Source data:
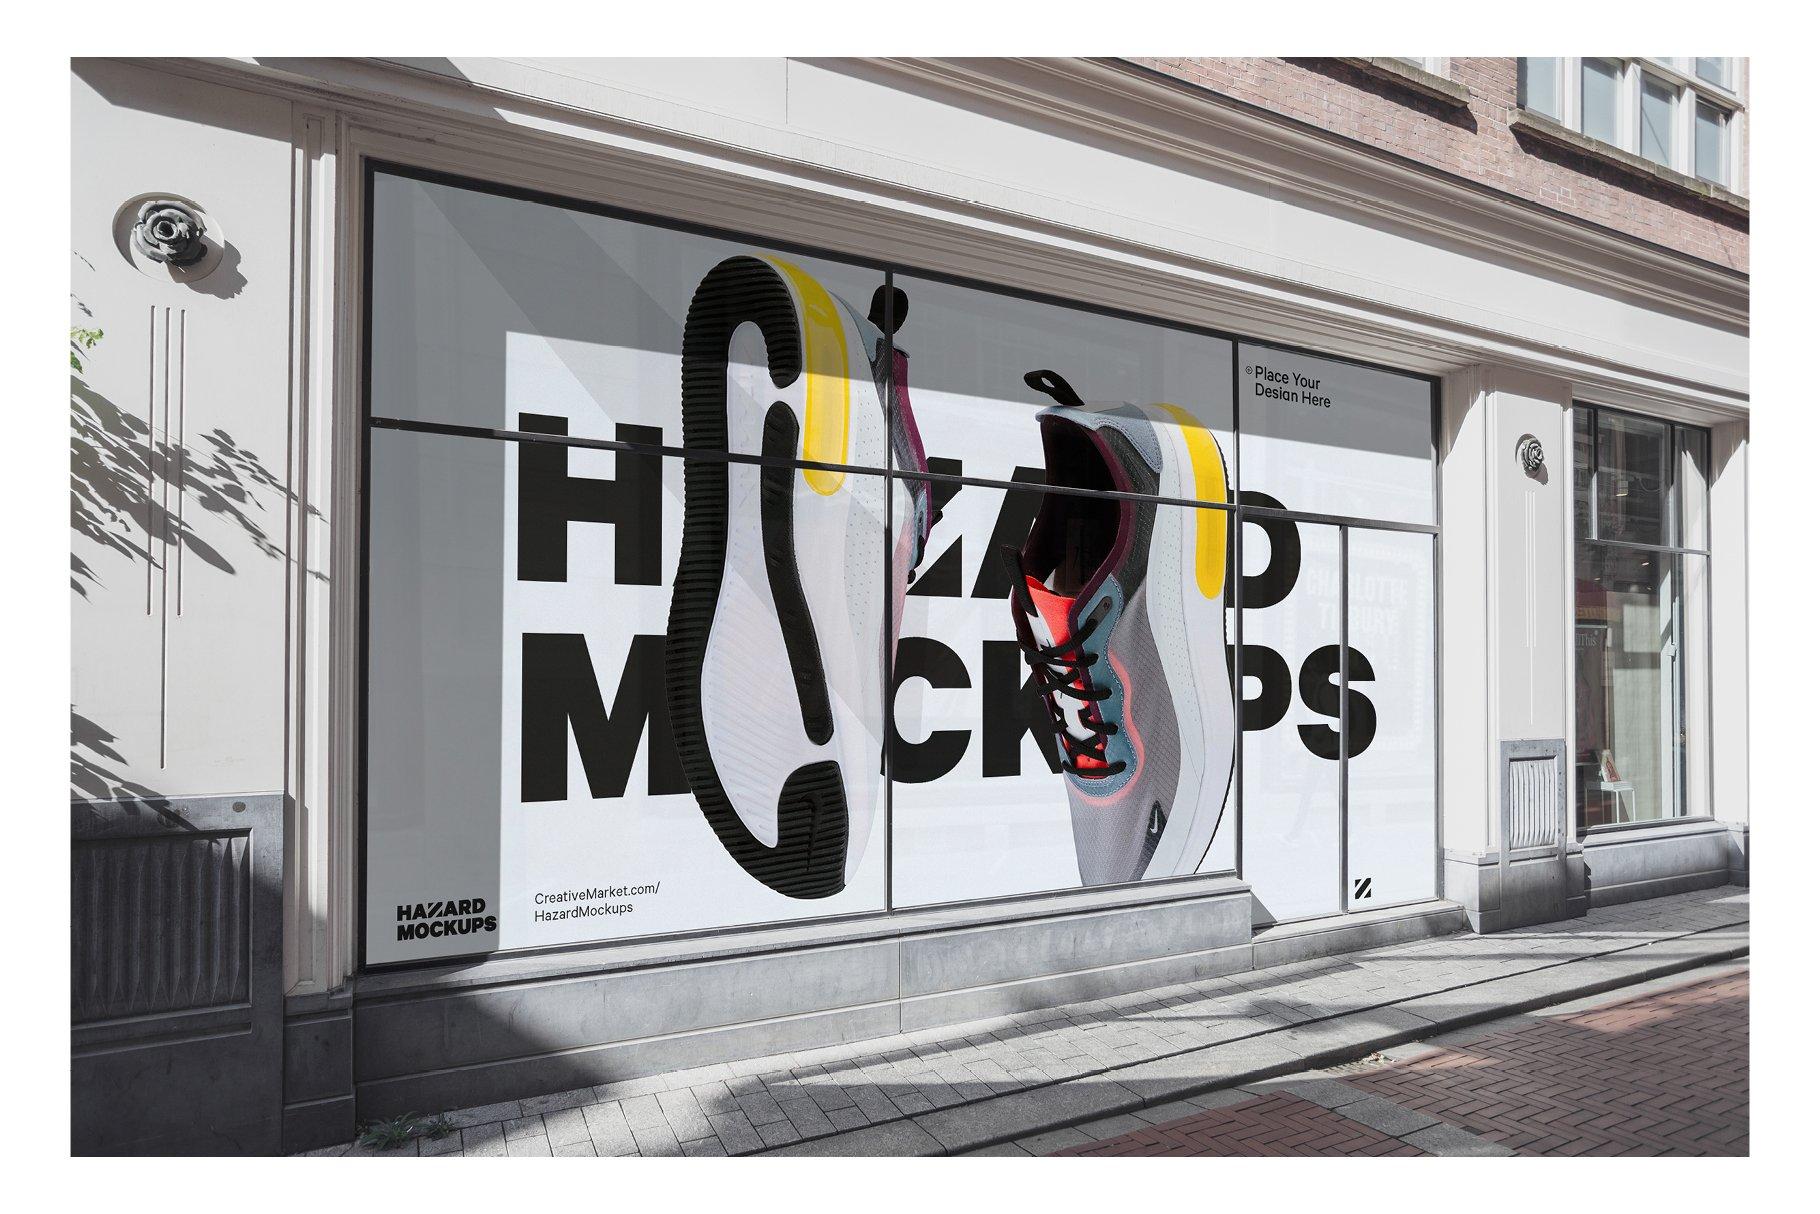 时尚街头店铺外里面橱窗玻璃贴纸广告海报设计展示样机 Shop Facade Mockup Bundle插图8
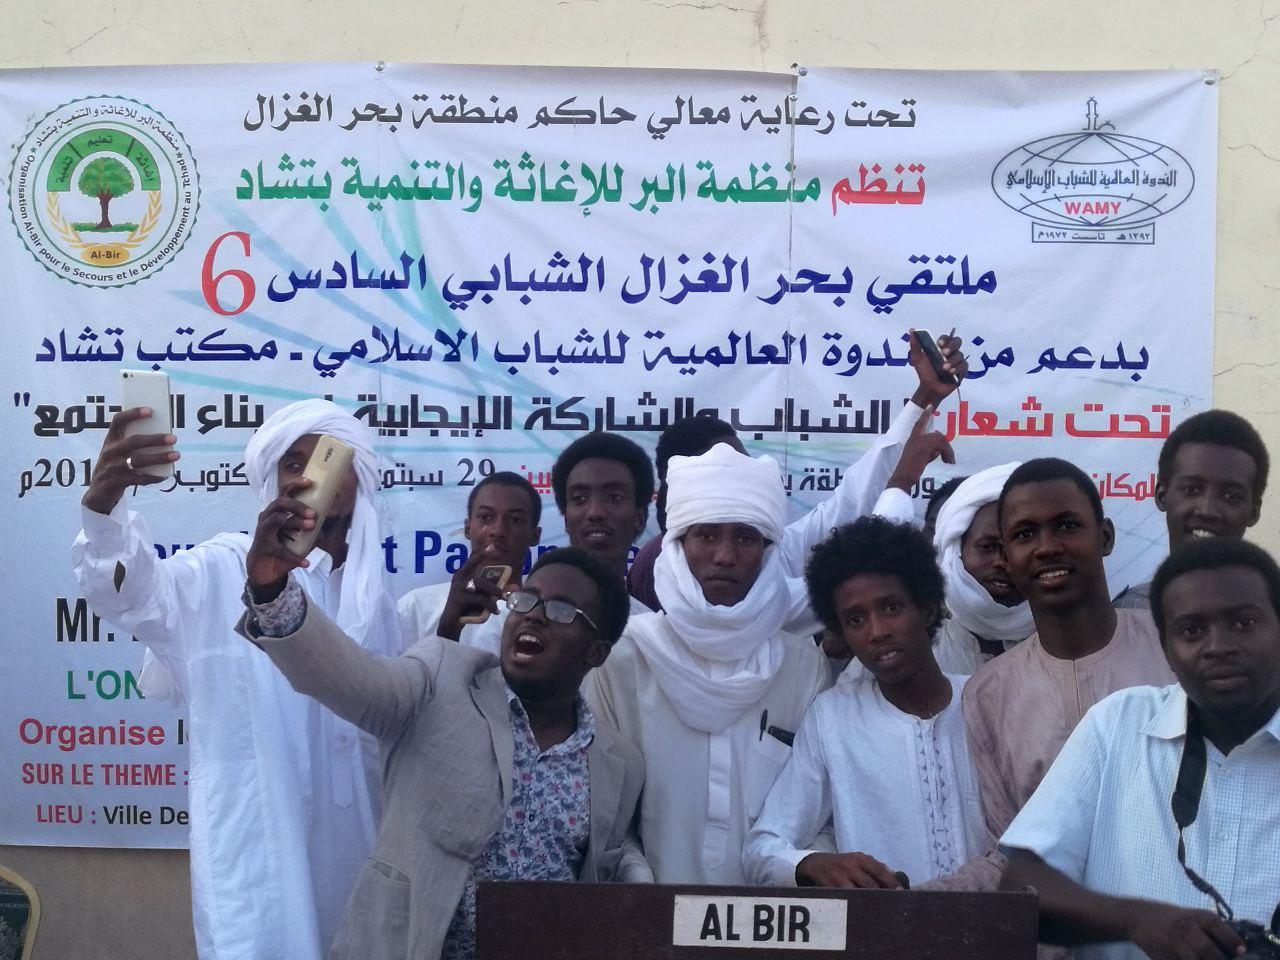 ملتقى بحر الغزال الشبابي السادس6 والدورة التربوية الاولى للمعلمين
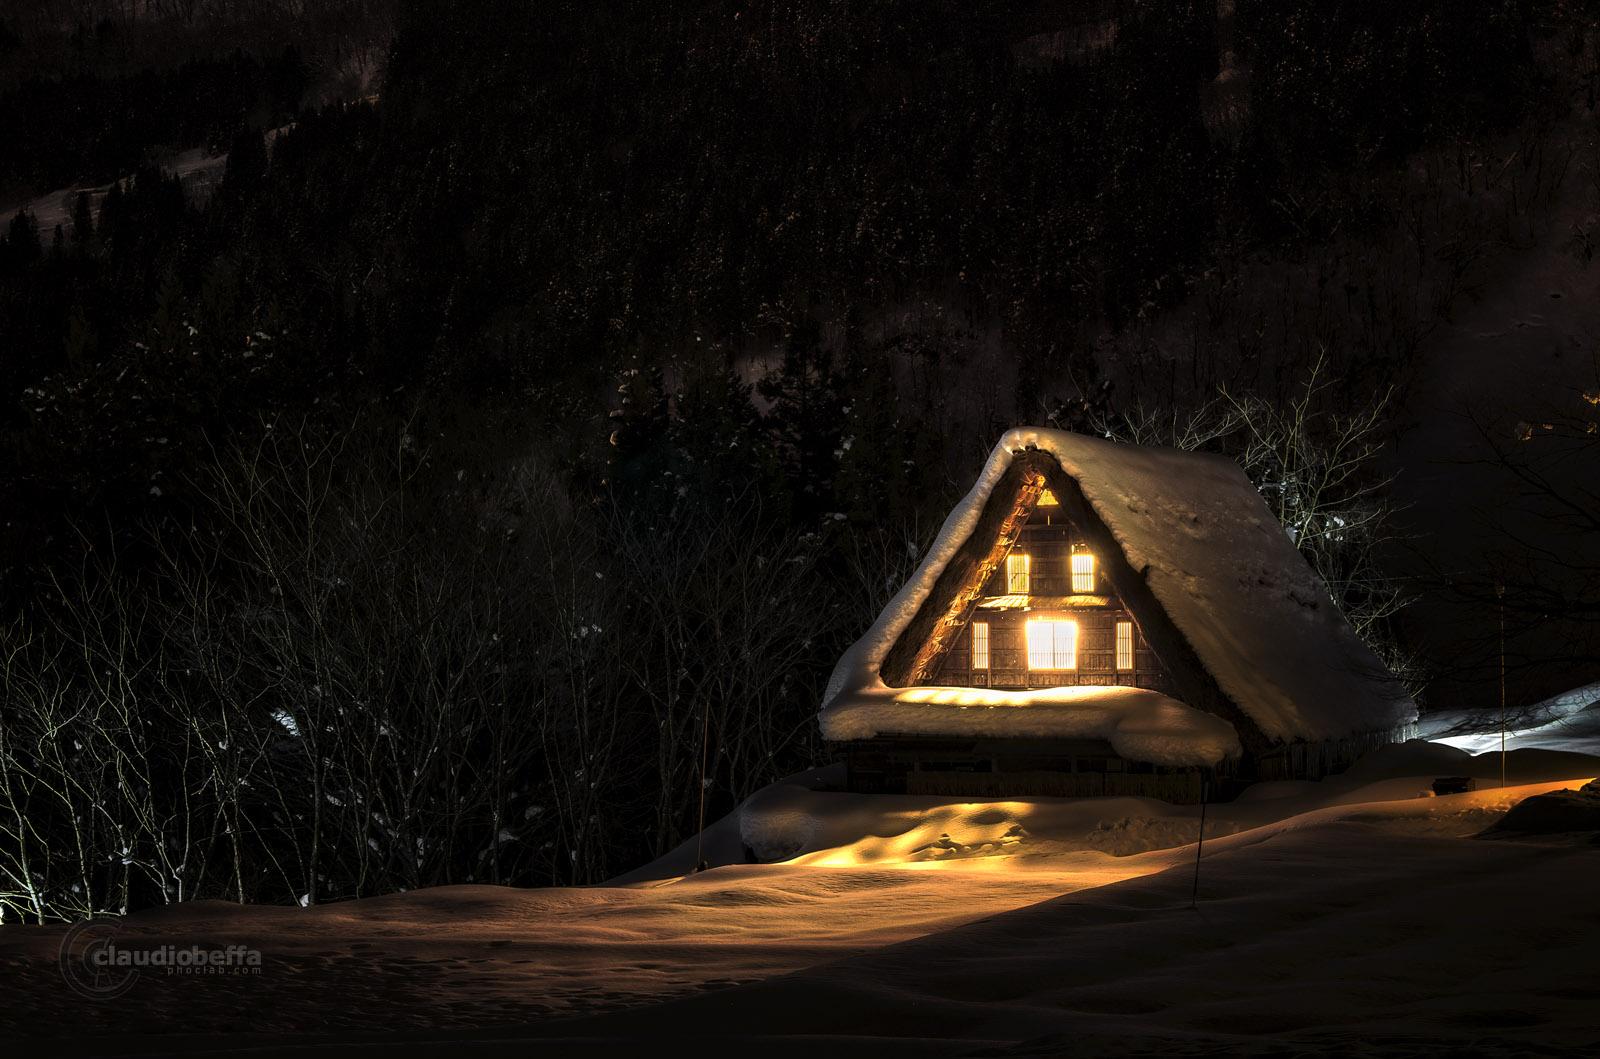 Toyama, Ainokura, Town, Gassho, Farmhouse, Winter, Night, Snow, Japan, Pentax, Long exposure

Exercise requirements:
The expected output is the whole listing, word for word, minus its pictures.

Completed exercise:
 时尚街头店铺外里面橱窗玻璃贴纸广告海报设计展示样机 Shop Facade Mockup Bundle插图8
 ملتقى بحر الغزال الشبابي السادس6 والدورة التربوية الاولى للمعلمين
 Toyama, Ainokura, Town, Gassho, Farmhouse, Winter, Night, Snow, Japan, Pentax, Long exposure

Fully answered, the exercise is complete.